((

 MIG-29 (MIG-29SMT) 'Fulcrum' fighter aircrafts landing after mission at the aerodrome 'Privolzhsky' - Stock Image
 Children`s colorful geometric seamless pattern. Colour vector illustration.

))
((

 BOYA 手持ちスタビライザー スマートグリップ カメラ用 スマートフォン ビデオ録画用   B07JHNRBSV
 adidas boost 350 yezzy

))
((

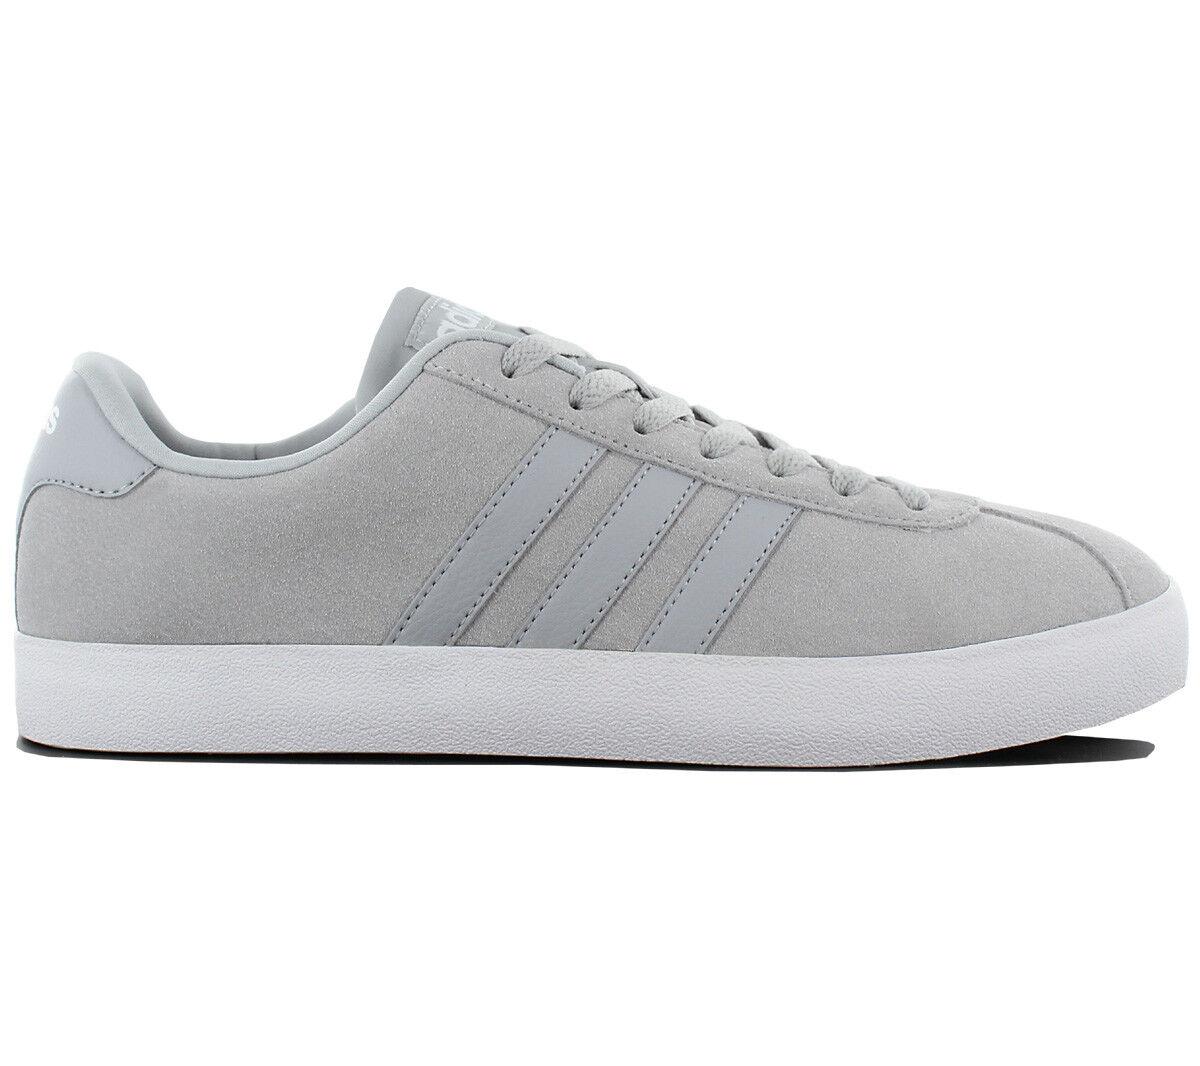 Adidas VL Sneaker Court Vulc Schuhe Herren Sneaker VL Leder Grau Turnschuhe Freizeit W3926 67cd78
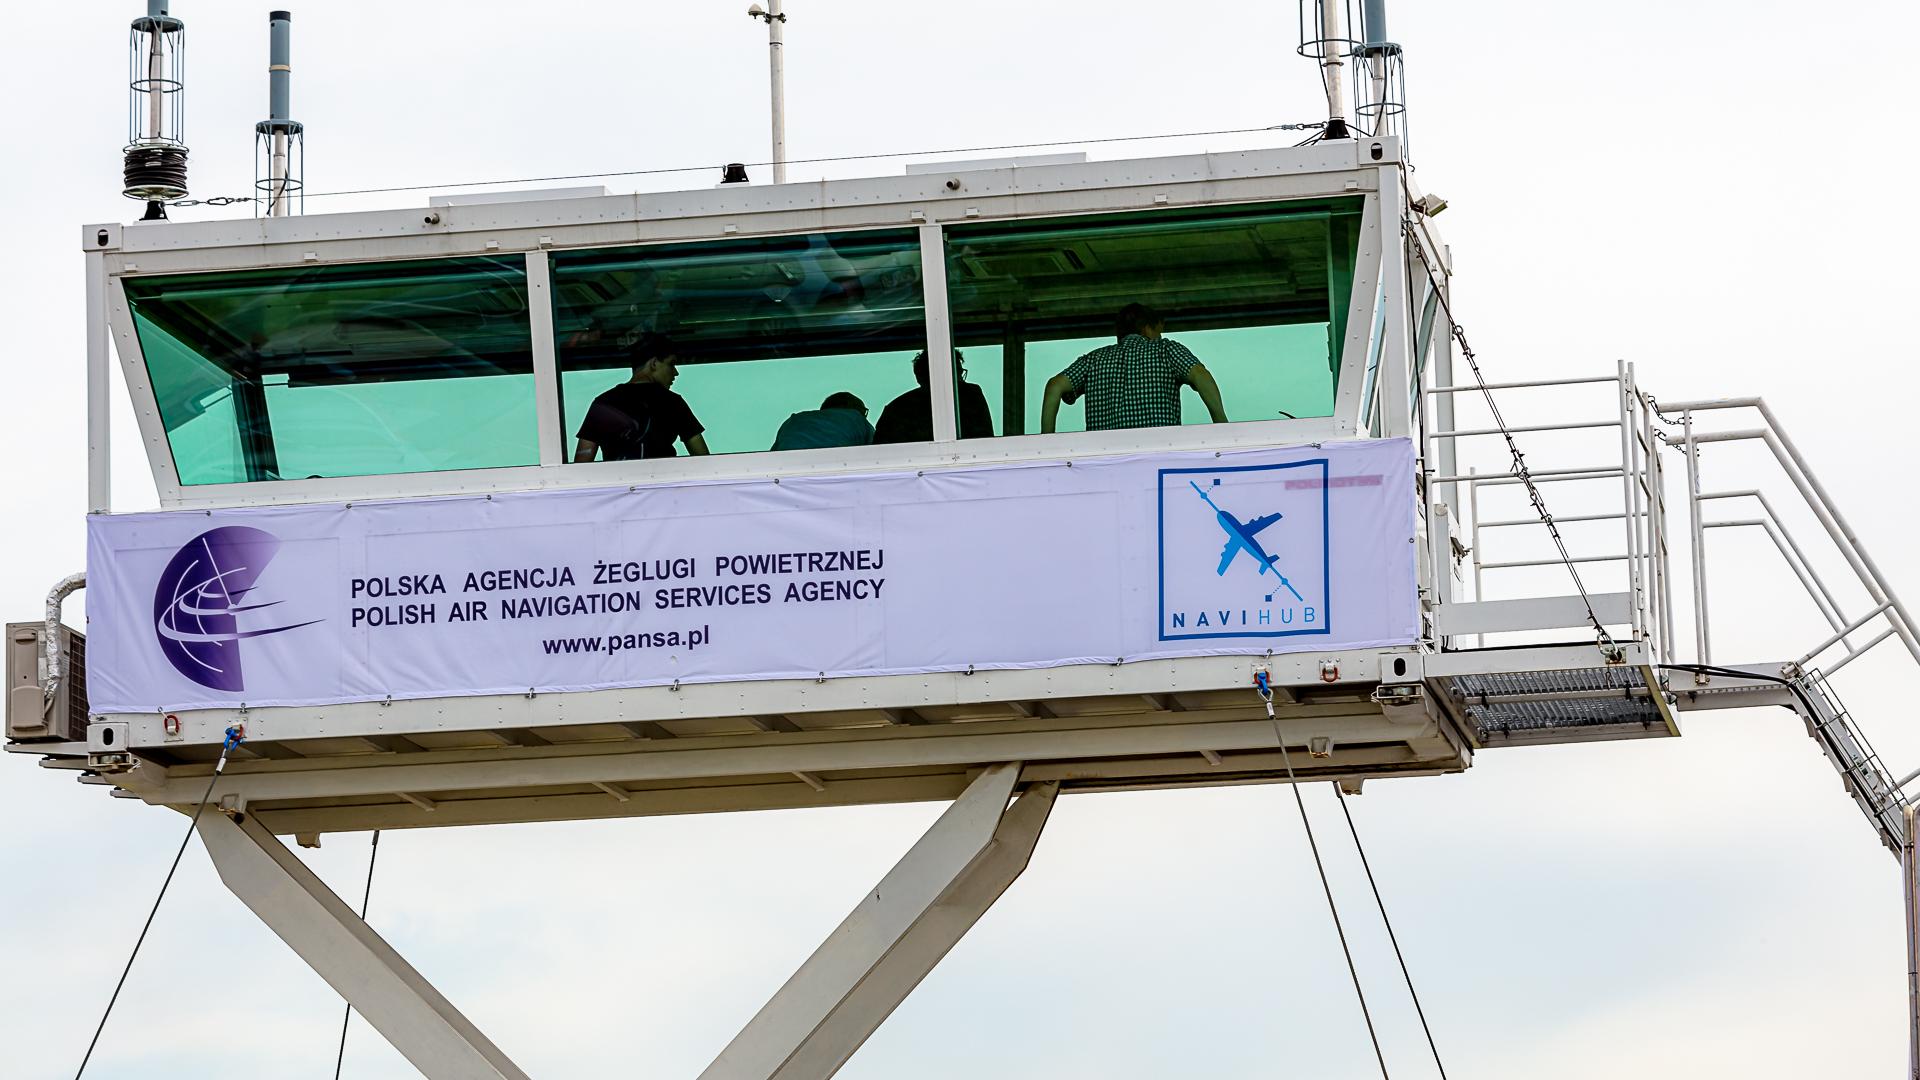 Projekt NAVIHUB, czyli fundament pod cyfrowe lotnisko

))

Task directions –
Your copy should hold the lines from the one with "Adidas VL Sneaker" up to and including the one with "Projekt NAVIHUB, czyli", exactly as in the data above, and no pictures.

Exercise solution –
 Adidas VL Sneaker Court Vulc Schuhe Herren Sneaker VL Leder Grau Turnschuhe Freizeit W3926 67cd78
 Projekt NAVIHUB, czyli fundament pod cyfrowe lotnisko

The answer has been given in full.